Saturday, May 22, 2010

Blög of Note

There’s schnitzelling, and then there’s schnitzelling. Me, I prefer to call the country in question the Berlin Currywurst Republic.

To wit, this rather common sense answer to volcanic interruption:

Maybe it's time to reconsider the blimp.

Friday, May 21, 2010

The Manchurian Candidates

The world remains inexplicably indifferent and uncurious about the deadliest ideology in history.
Writes Claire Berlinski in this quarter’s City Journal.
the word “Nazi” is synonymous with evil. It is widely understood that the Nazis’ ideology—nationalism, anti-Semitism, the autarkic ethnic state, the Führer principle—led directly to the furnaces of Auschwitz. It is not nearly as well understood that Communism led just as inexorably, everywhere on the globe where it was applied, to starvation, torture, and slave-labor camps. Nor is it widely acknowledged that Communism was responsible for the deaths of some 150 million human beings during the twentieth century.
And yet it continues to be idolized as a better way of life for the slef-perceived powerless individual, the very people chopped up in its’ machine. Setting aside the aging handful of hardcore proponents of Communist Socialism who actually lived under it, the common bond of its’ present-day proponents are an ignorance of it’s crimes, ignorance of the homogeneity and narrowness it requires to sustain it, and a literature based entirely outside of the experience of real, living Socialism.

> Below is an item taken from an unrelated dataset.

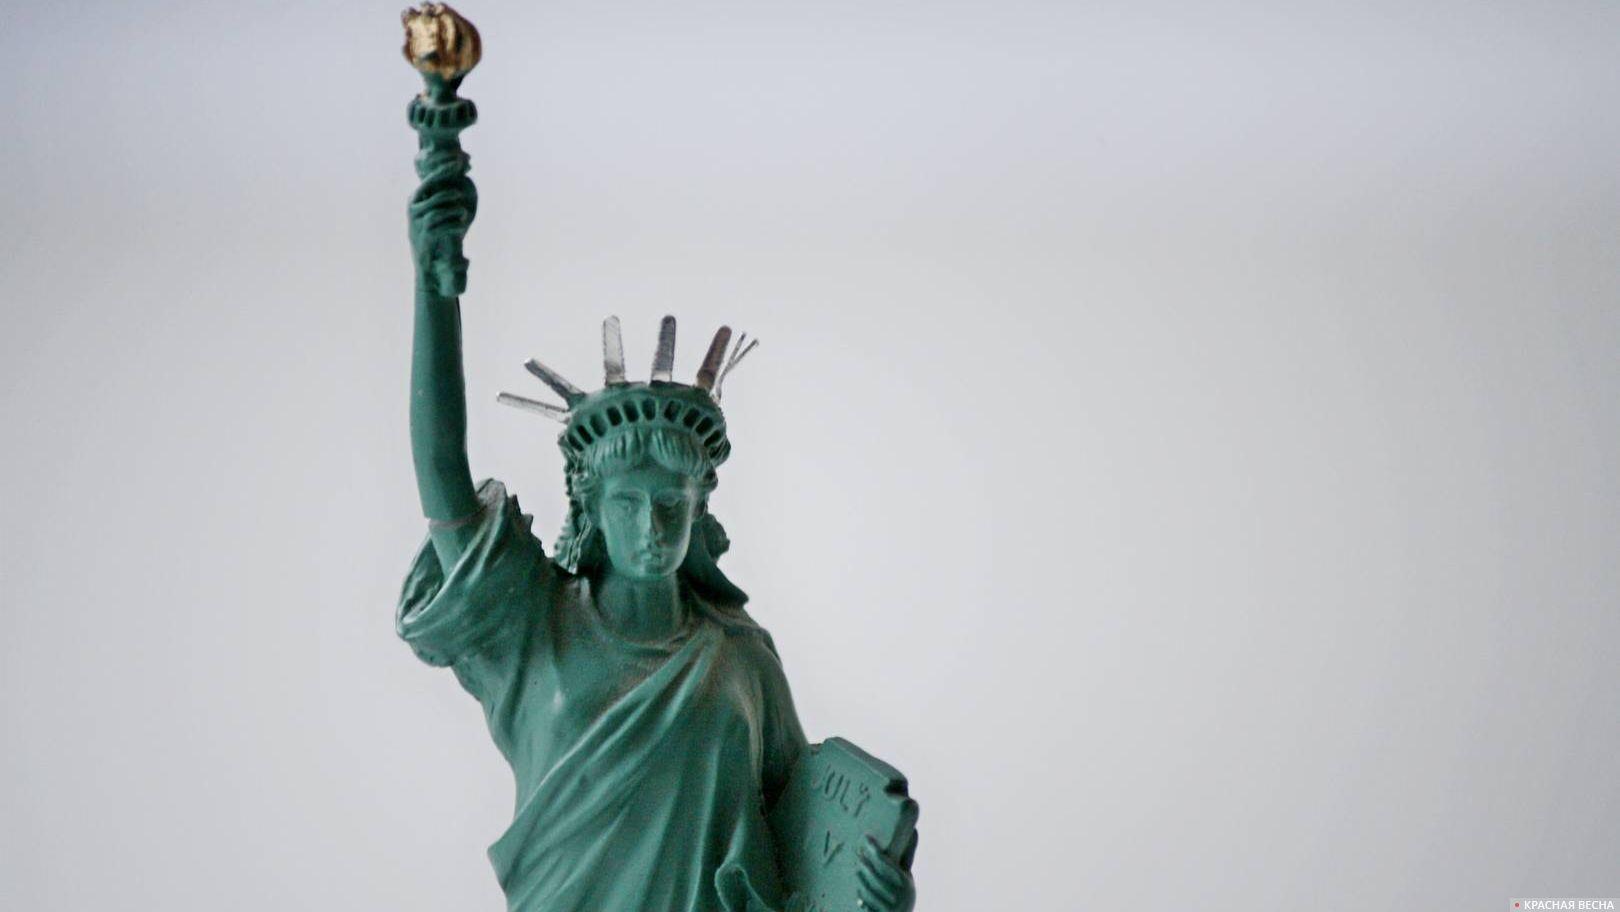 Фигурка Статуи Свободы

Take as an example some of the bright lights of Europe, held up as potential “states-persons”, and their pasts, which are nearly as ugly as the passivated third world leaders that the KGB and Stasi were turning to their purposes. In the last of the cold-war missile treaty efforts, some of them are transparently going to bat for the Soviets, out of either ideology or programmed hatred of their own society.
Kinnock was vice president of the European Commission from 1999 to 2004, and his wife, Glenys, is now Britain’s minister for Europe. Gerard Batten, a member of the UK Independence Party, has noted the significance of the episode. “If the report given to Mr. Gorbachev is true, it means that Lord Kinnock approached one of Britain’s enemies in order to seek approval regarding his party’s defense policy and, had he been elected, Britain’s defense policy,” Batten said to the European Parliament in 2009. “If this report is true, then Lord Kinnock would be guilty of treason.”

Similarly, Baroness Catherine Ashton, who is now the European Union’s foreign minister, was treasurer of Britain’s Campaign for Nuclear Disarmament from 1980 to 1982. The papers offer evidence that this organization received “unidentified income” from the Soviet Union in the 1980s. Stroilov’s papers suggest as well that the government of the current Spanish EU commissioner for economic and monetary affairs, Joaquín Almunia, enthusiastically supported the Soviet project of gradually unifying Germany and Europe into a socialist “common European home” and strongly opposed the independence of the Baltic states and then of Ukraine.
Even the Vice President of the United States isn’t immune to it.
Perhaps it doesn’t surprise you to read that prominent European politicians held these views. But why doesn’t it? It is impossible to imagine that figures who had enjoyed such close ties to the Nazi Party—or, for that matter, to the Ku Klux Klan or to South Africa’s apartheid regime—would enjoy top positions in Europe today. The rules are different, apparently, for Communist fellow travelers. “We now have the EU unelected socialist party running Europe,” Stroilov said to me. “Bet the KGB can’t believe it.”
I’ll bet that the inheritors of the monomaniacal statist Fascist and Marxism can, when the see this dance again: the early, heady days of economic and social tumult that put well localized and scrappy ideologues in power for decades, soberly rationalizing the social needs to use the state’s power to contain the will of the individual.

Thursday, May 20, 2010


It is all fun and games until you are ripped to shreds on an exploding TGV, other than that the New York Times raves:

Long before the festival opened, this 5 hour, 33 minute movie about the Venezuelan-born terrorist, international man of mystery and brutishly committed ladies man, Ilich Ramírez Sánchez – i.e., Carlos the Jackal – was a must see. The movie, which screened just once and out of competition, is scheduled to play on French television this week. It is likely to pop up in the United States this fall at the New York Film Festival before it plays on-demand and in good old-fashioned theaters.
Bring on the gush:
Opening in the early 1970s, and hop-scotching across assorted hot spots from London to Libya for the next 10 years, “Carlos” is itself something of a heroic endeavor...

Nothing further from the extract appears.